3.1 KiB
Phase-2 Full-AttnRes Vision Implementation Plan
For agentic workers: REQUIRED SUB-SKILL: Use superpowers:subagent-driven-development (recommended) or superpowers:executing-plans to implement this plan task-by-task. Steps use checkbox (
- [ ]) syntax for tracking.
Goal: Replace all ResNet residual units in the vision backbone with AttnRes-based image blocks while preserving the current IMF agent interfaces and launch a Phase-2 experiment anchored on the best Phase-1 horizon setting.
Architecture: Keep the current multi-camera encoder shell and per-camera output contract, but introduce a new ResNet-like 2D AttnRes backbone that preserves stage-wise downsampling and final SpatialSoftmax conditioning. Wire it into the existing ResNetDiffusionBackbone via an opt-in mode and keep the agent/head/data interfaces unchanged.
Tech Stack: PyTorch, Hydra/OmegaConf, existing IMF AttnRes transformer components, pytest.

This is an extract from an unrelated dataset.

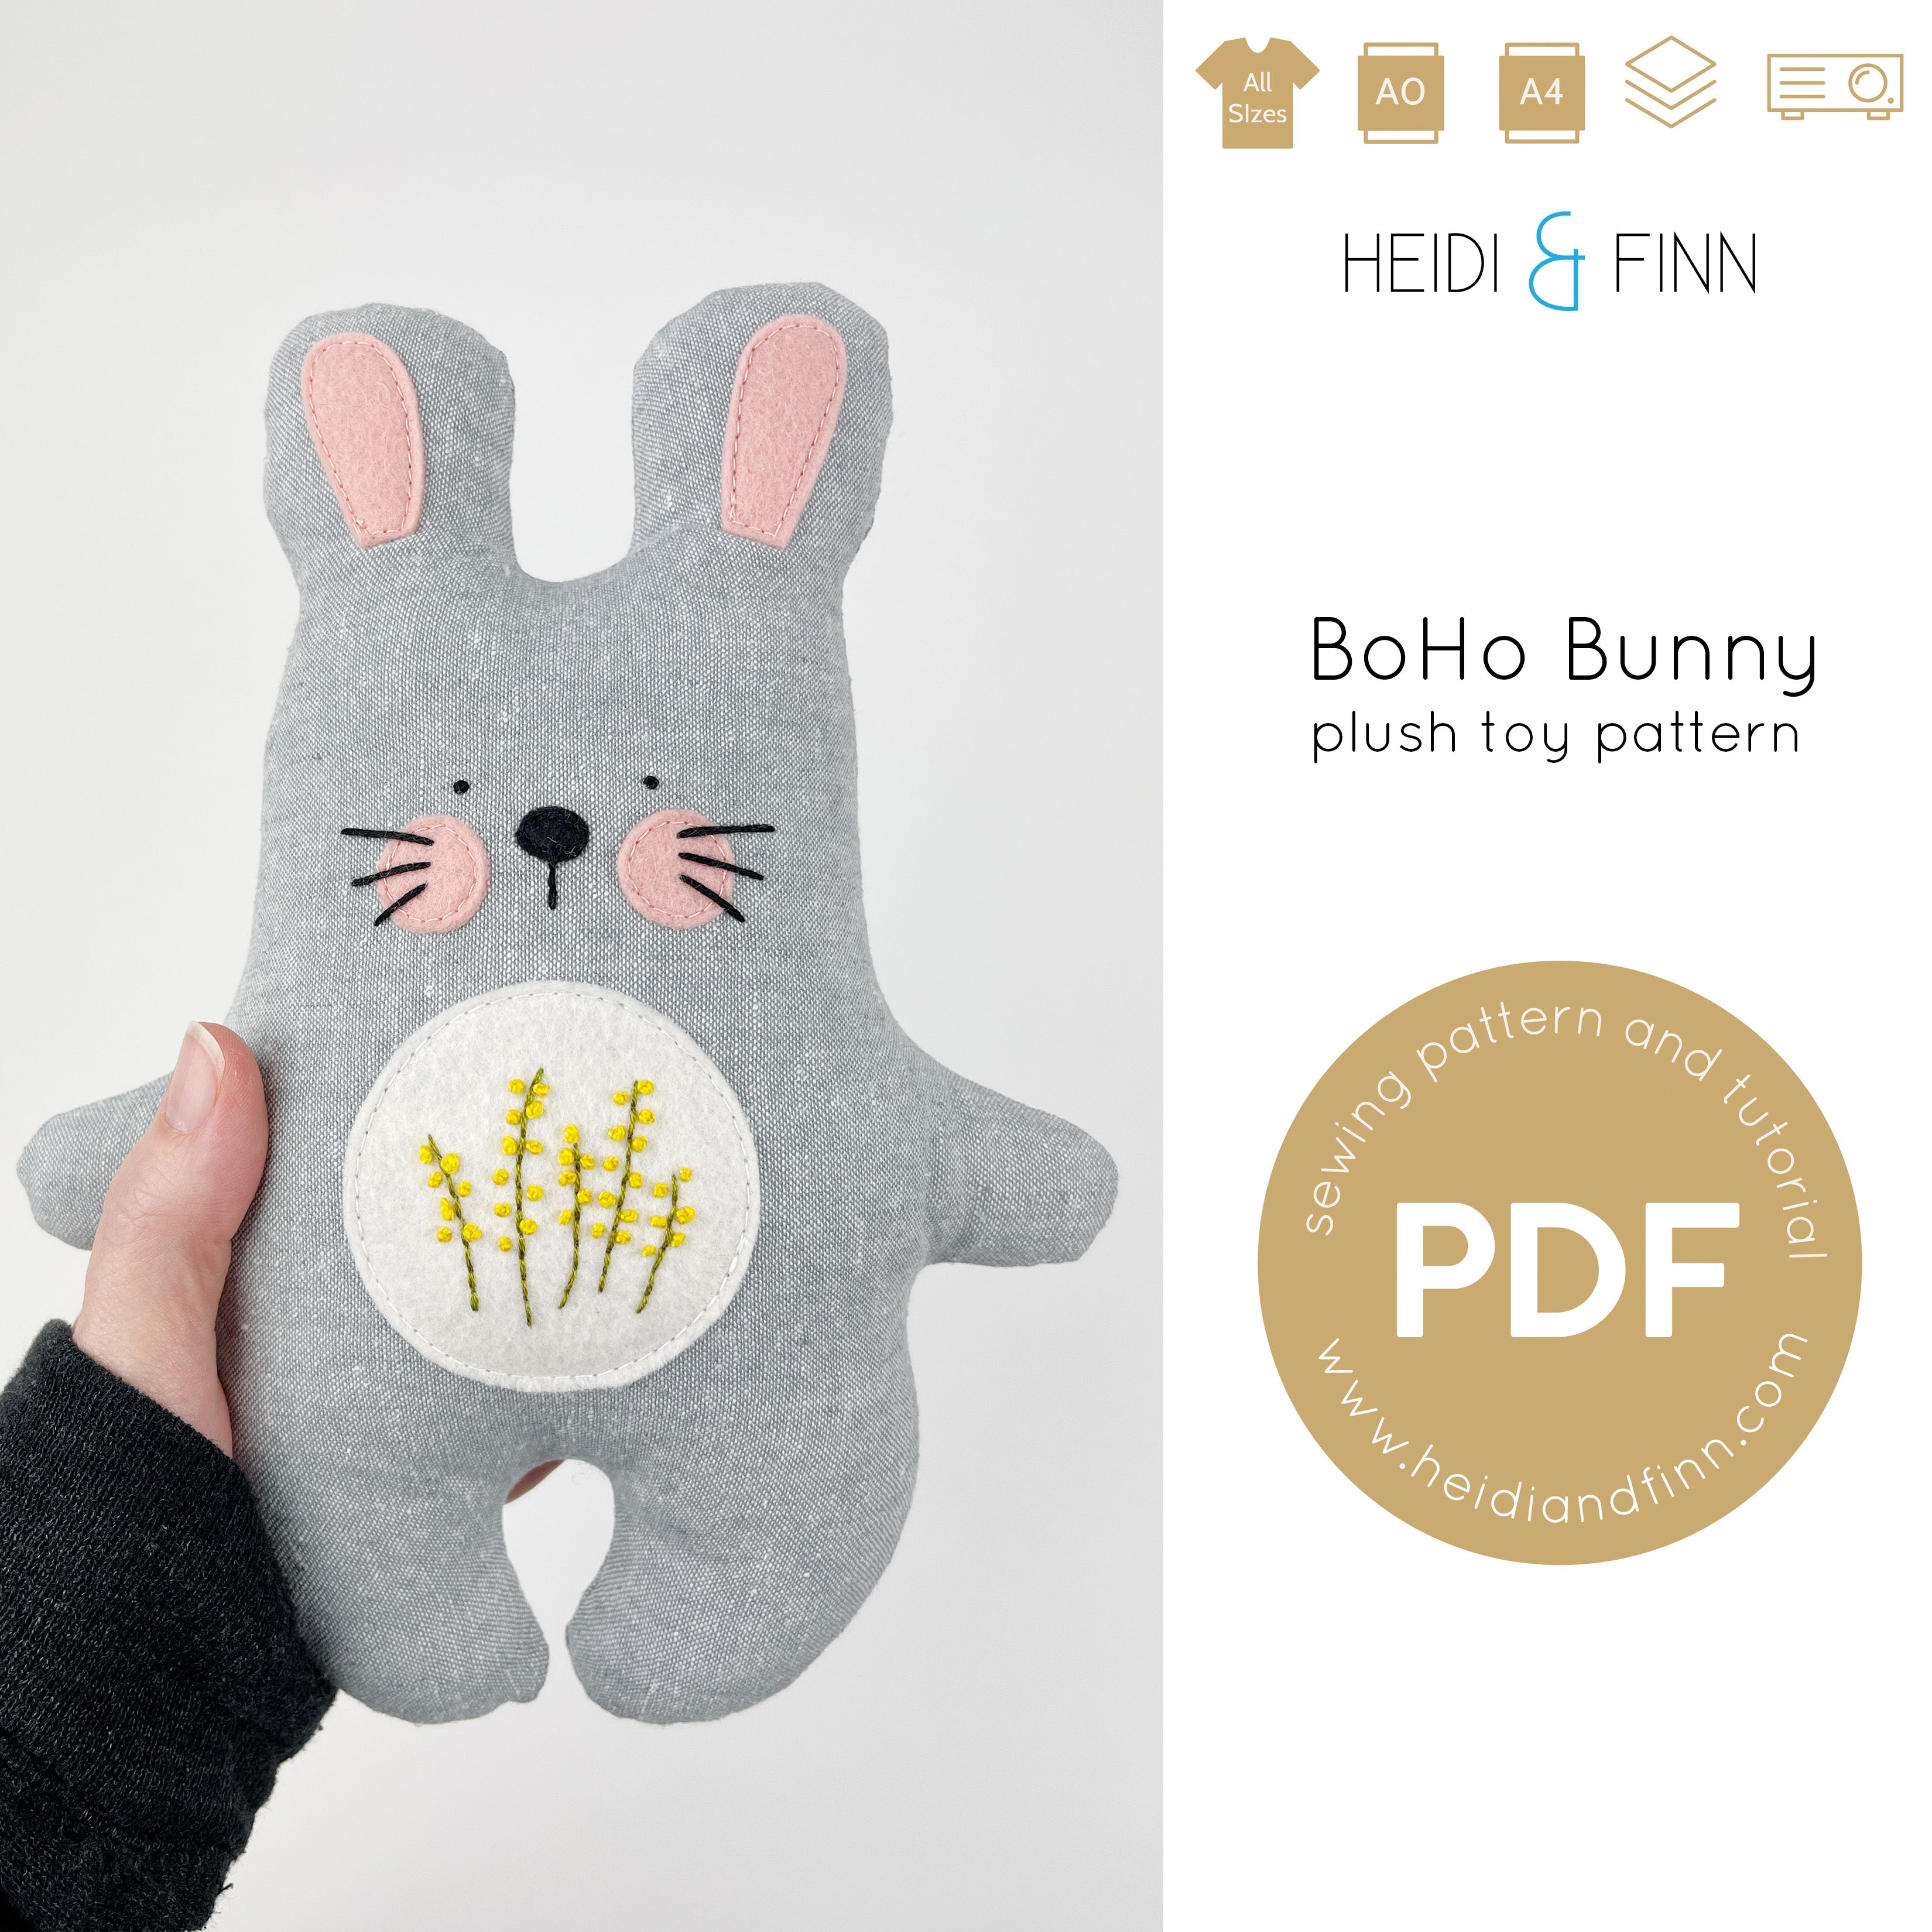 BoHo bunny Plush toy

Task 1: Add failing tests for the new full-AttnRes visual backbone
Files:
-
Create:
tests/test_attnres_resnet2d_backbone.py -
Update:
tests/test_imf_vla_agent.py -
Step 1: Write a failing backbone shape test
-
Step 2: Run it to confirm the new backbone/config does not exist yet
-
Step 3: Add a failing IMF agent wiring test for unchanged cond_dim=208
-
Step 4: Run the targeted tests and capture the failure
Task 2: Implement a ResNet-like 2D AttnRes backbone
Files:
-
Create:
roboimi/vla/models/backbones/attnres_resnet2d.py -
Modify:
roboimi/vla/models/backbones/resnet_diffusion.py -
Step 1: Add minimal 2D tokenization helpers and positional encoding / bias handling
-
Step 2: Implement
AttnResImageBlock2Dfor feature maps -
Step 3: Implement
AttnResResNetLikeBackbone2Dwith stage-wise downsampling -
Step 4: Wire
_SingleRgbEncoderto choose between original ResNet trunk and the new full-AttnRes trunk -
Step 5: Run the new backbone tests
Task 3: Expose config switches and agent wiring
Files:
-
Modify:
roboimi/vla/conf/backbone/resnet_diffusion.yaml -
Modify:
roboimi/vla/conf/agent/resnet_imf_attnres.yaml -
Step 1: Add a backbone mode/config flag for the full-AttnRes vision trunk
-
Step 2: Add defaults for attnres image depth/heads/etc. if needed
-
Step 3: Add a Phase-2 launch override path that enables the new visual trunk
-
Step 4: Run agent wiring tests again
Task 4: Smoke-verify training path
Files:
-
Reuse existing training scripts and configs
-
Step 1: Run a short CPU or tiny-step smoke instantiation /
compute_losstest -
Step 2: If needed, run a very short training smoke launch
-
Step 3: Verify no cond-dim or rollout-loading regressions
Task 5: Launch the Phase-2 experiment
Files:
-
Update experiment tracking under
experiment_suites/ -
Step 1: Use Phase-1 best setting (
pred_horizon=16,num_action_steps=8) -
Step 2: Launch baseline reference or reuse existing result
-
Step 3: Launch full-AttnRes vision experiment
-
Step 4: Track rollout metrics and compare max avg_reward